Activation And Loss Functions In Deep Learning • Neural Nets

Activation and loss functions are fundamental components in deep learning architectures. They play crucial roles in both the forward propagation of signals and the backward propagation of gradients during model training. This article provides an in-depth analysis of common activation and loss functions, their mathematical foundations, and practical applications.

Activation Functions

Activation functions introduce non-linearity into neural networks, enabling them to learn complex patterns. Let’s examine key activation functions and their properties.
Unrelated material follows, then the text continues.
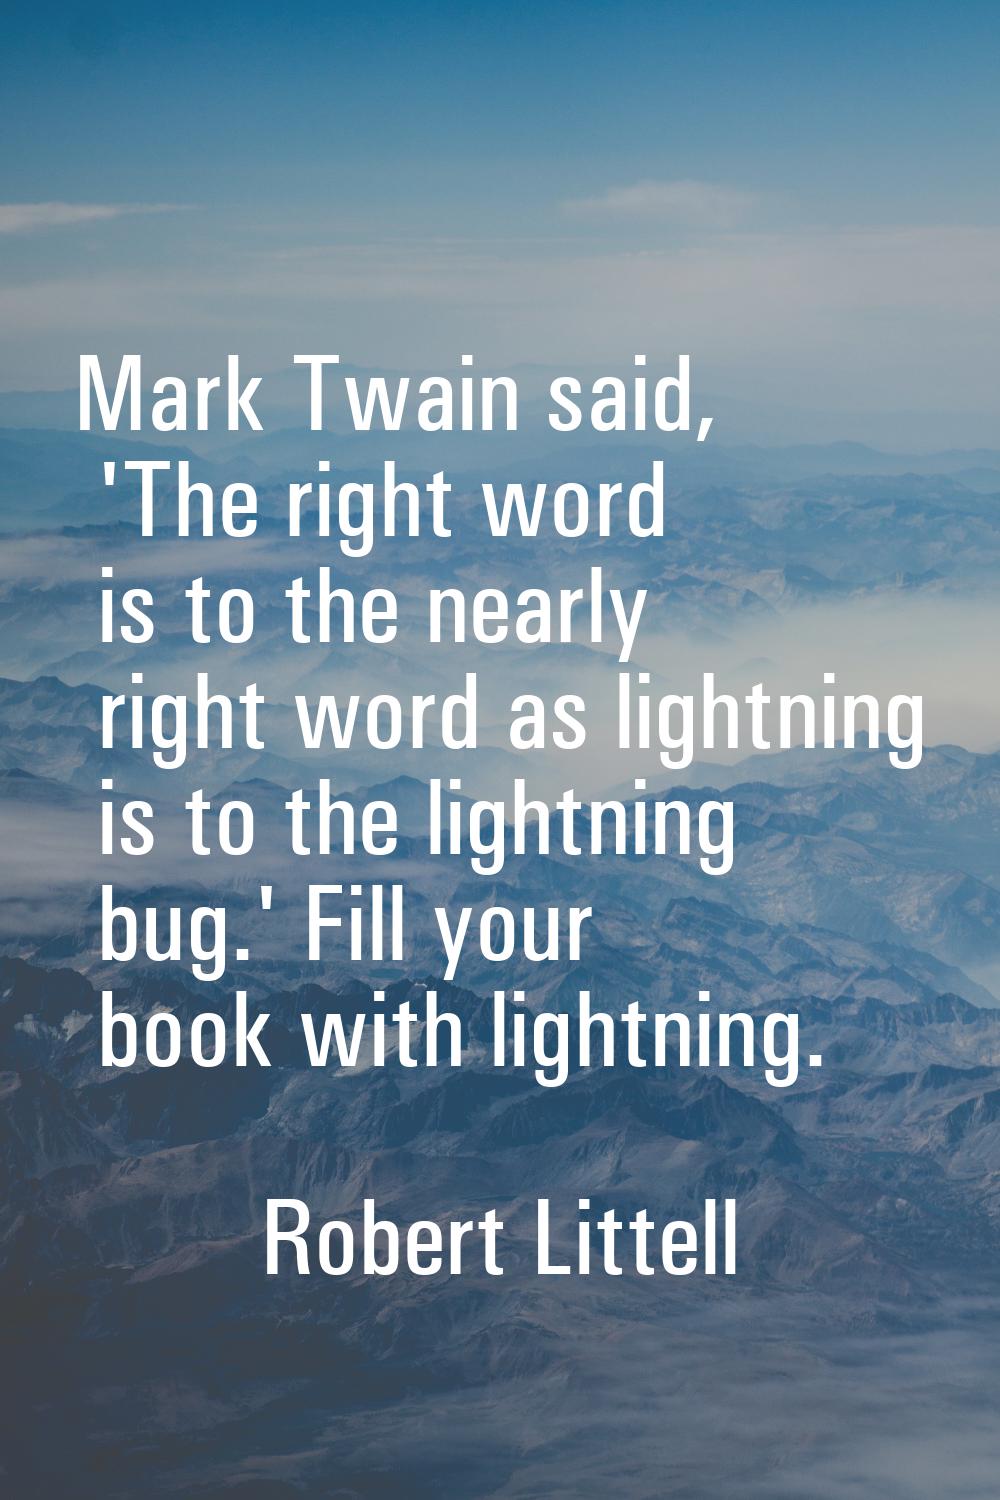 Mark Twain said, 'The right word is to the nearly right word as lightning is to the lightning bug.'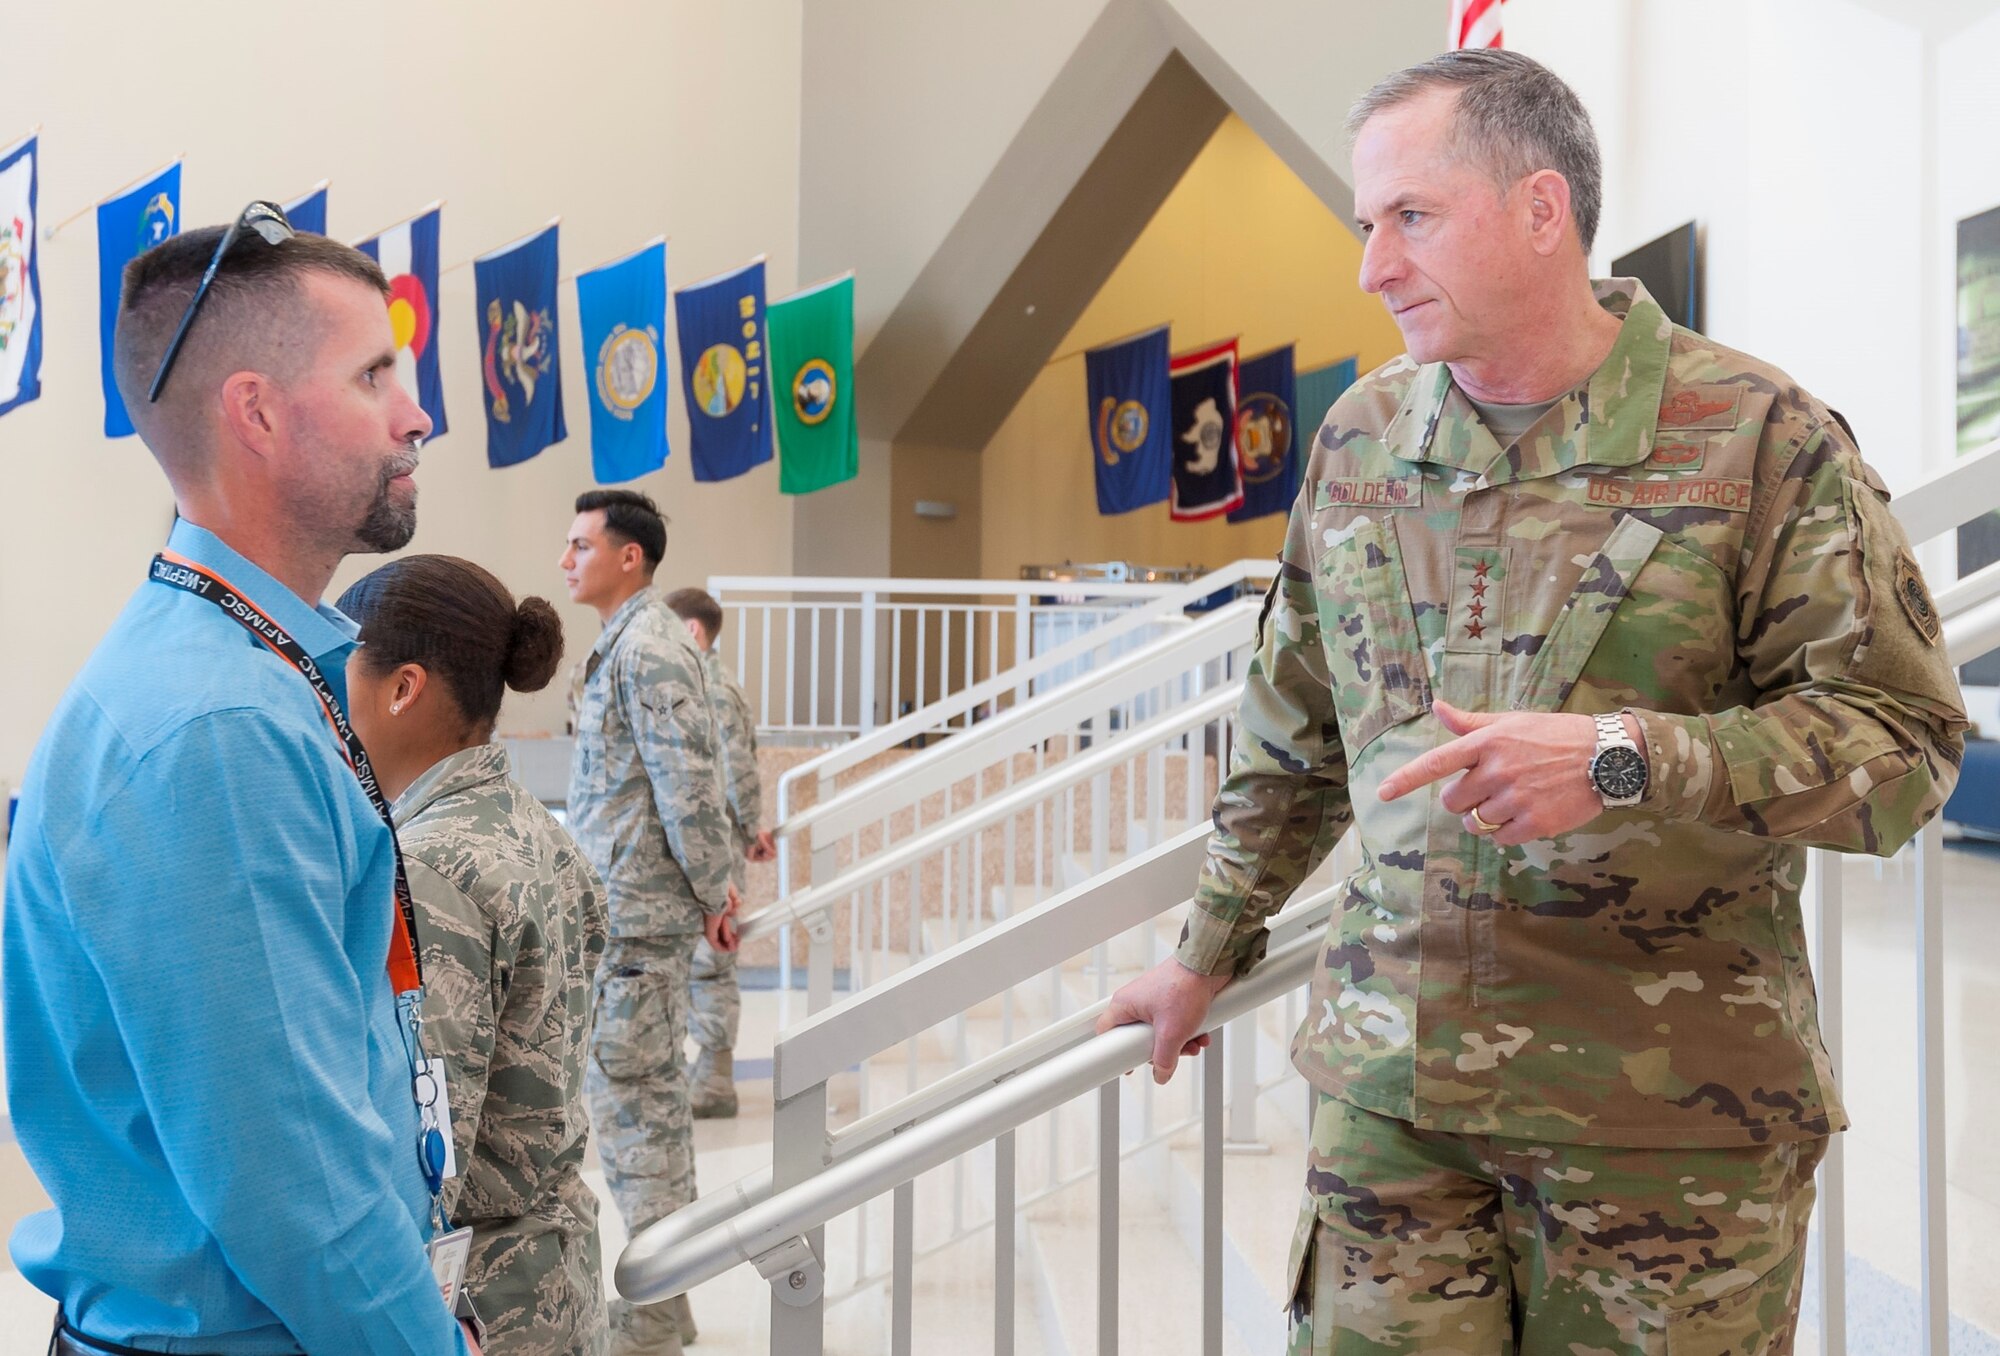 Air Force Chief of Staff Gen. David L. Goldfein talks with Scott Lilley of the Air Force Installation and Mission Support Center Security Office, April 8, 2019, during a break between briefings at the Installation and Mission Support Weapons and Tactics Conference at Joint Base San Antonio-Lackland, Texas. Lilley is a wounded warrior and former security forces Airman.

1. Rectified Linear Unit (ReLU)

The ReLU function is currently the most widely used activation function in deep learning. Its popularity stems from its computational efficiency and effectiveness in addressing the vanishing gradient problem.

Mathematical Definition:

f(x) = \max(0, x) = \begin{cases} x & \text{if } x > 0 \\ 0 & \text{if } x \leq 0 \end{cases}

Derivative:

f'(x) = \begin{cases} 1 & \text{if } x > 0 \\ 0 & \text{if } x < 0 \\ \text{undefined} & \text{if } x = 0 \end{cases}

Key Properties:

Non-saturating for positive values
Sparse activation (approximately 50% of neurons are typically active)
Computationally efficient
Helps mitigate vanishing gradient problem

Use Cases:

Default choice for hidden layers in deep neural networks
Particularly effective in Convolutional Neural Networks (CNNs)
Computer vision applications
Deep architectures with many layers

2. Leaky ReLU

Leaky ReLU addresses the “dying ReLU” problem by allowing a small gradient when the unit is not active.

Mathematical Definition:

f(x) = \begin{cases} x & \text{if } x > 0 \\ \alpha x & \text{if } x \leq 0 \end{cases}

where $\alpha$ is typically a small constant like 0.01.

Derivative:

f'(x) = \begin{cases} 1 & \text{if } x > 0 \\ \alpha & \text{if } x < 0 \end{cases}

Key Properties:

Prevents dead neurons
Allows negative gradients
Generally maintains the benefits of ReLU
Parameter $\alpha$ can be learned (Parametric ReLU)

Use Cases:

Alternative to ReLU when dead neurons are a concern
Deep networks where gradient flow is critical
Tasks requiring negative value preservation

3. Sigmoid Function

The sigmoid function maps inputs to values between 0 and 1, making it useful for probability-based predictions.

Mathematical Definition:

f(x) = \frac{1}{1 + e^{-x}}

Derivative:

f'(x) = f(x)(1 - f(x))

Key Properties:

Output range (0,1)
Smooth gradient
Clear probabilistic interpretation
Suffers from vanishing gradient for extreme values

Use Cases:

Binary classification output layers
Gates in LSTM and GRU units
Probability estimation tasks
Legacy networks (historically popular)

4. Hyperbolic Tangent (tanh)

Tanh is a scaled and shifted version of the sigmoid function, mapping inputs to the range (-1,1).

Mathematical Definition:

f(x) = \tanh(x) = \frac{e^x - e^{-x}}{e^x + e^{-x}}

Derivative:

f'(x) = 1 - \tanh^2(x)

Key Properties:

Output range (-1,1)
Zero-centered
Stronger gradients compared to sigmoid
Still suffers from vanishing gradient at extremes

Use Cases:

Hidden layers in shallow networks
NLP tasks
LSTM/GRU internal states
Cases requiring normalized outputs

5. Softmax Function

The softmax function generalizes the logistic function to handle multiple classes, converting a vector of values into a probability distribution.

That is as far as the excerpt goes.